_Supplied information_.
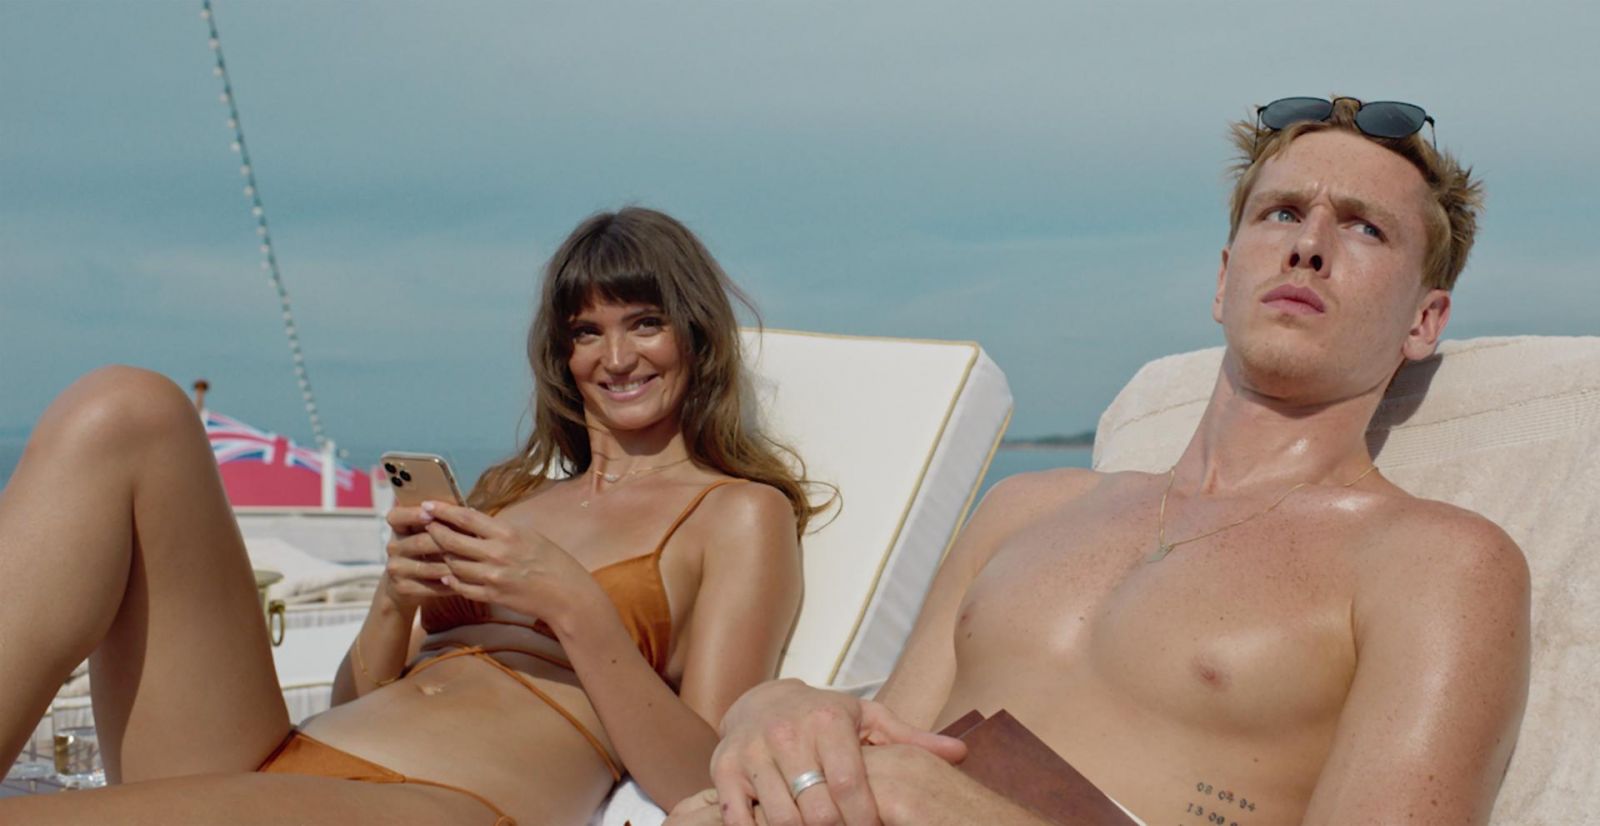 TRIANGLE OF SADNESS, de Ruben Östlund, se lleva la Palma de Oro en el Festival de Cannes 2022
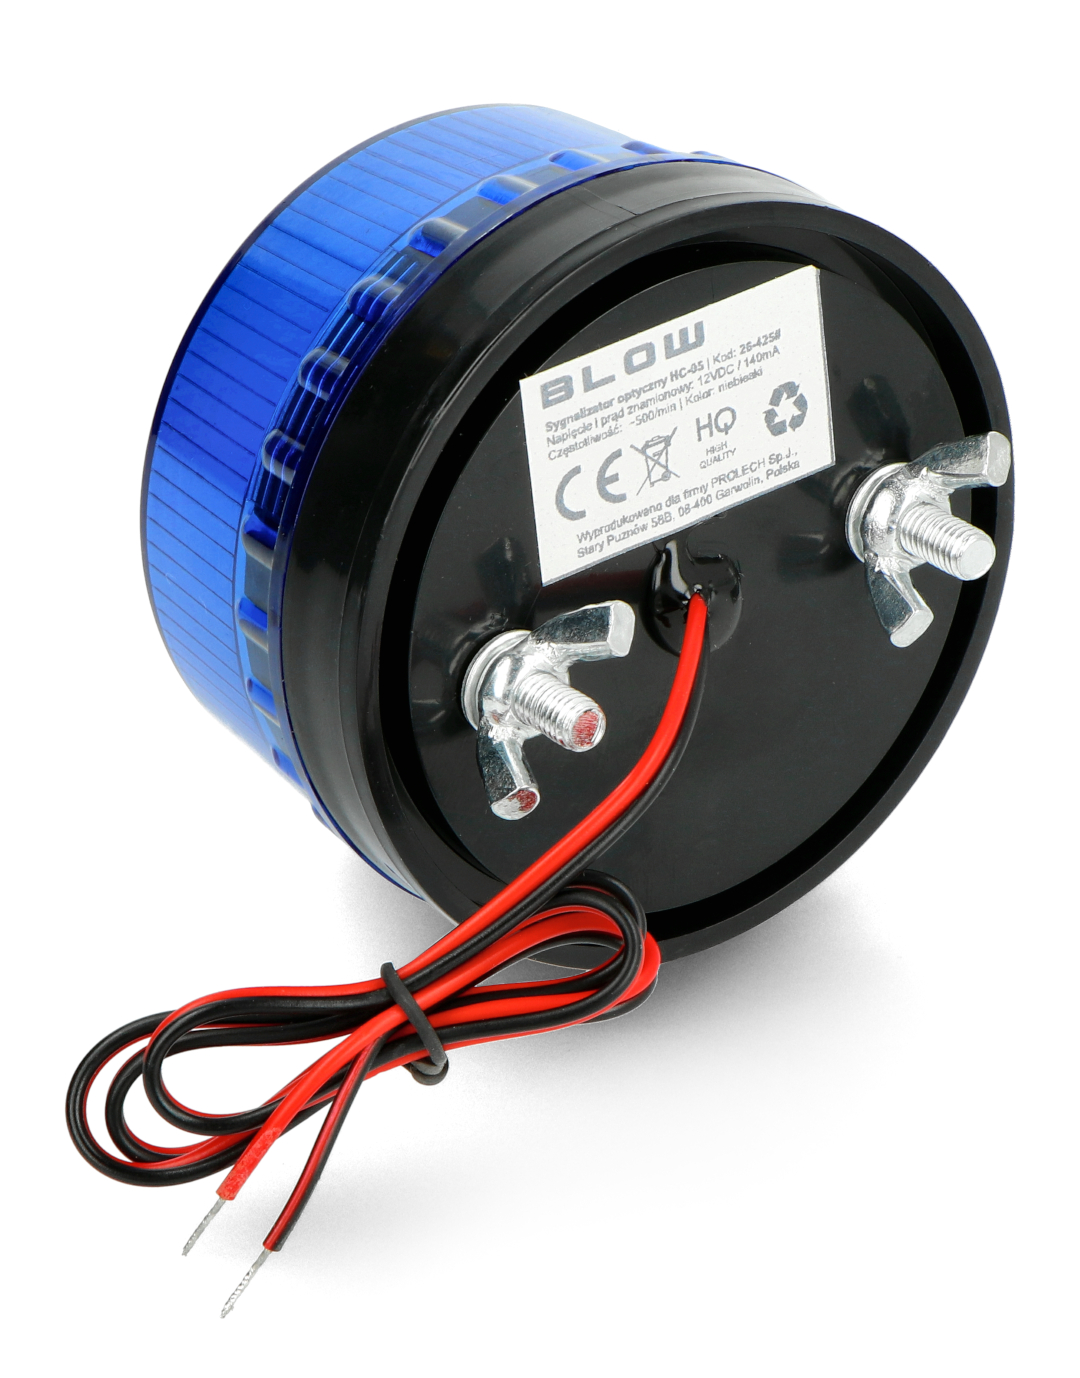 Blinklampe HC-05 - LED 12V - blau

...

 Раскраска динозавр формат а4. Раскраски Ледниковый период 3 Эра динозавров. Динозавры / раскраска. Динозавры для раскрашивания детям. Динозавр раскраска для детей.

_What to do_.
Starting with the line that has "TRIANGLE OF SADNESS, de" and going on through the line that has "Blinklampe HC-05 - LED 12V - blau", transcribe the records above exactly, but skip the pictures.

_Solved problem_.
 TRIANGLE OF SADNESS, de Ruben Östlund, se lleva la Palma de Oro en el Festival de Cannes 2022
 Blinklampe HC-05 - LED 12V - blau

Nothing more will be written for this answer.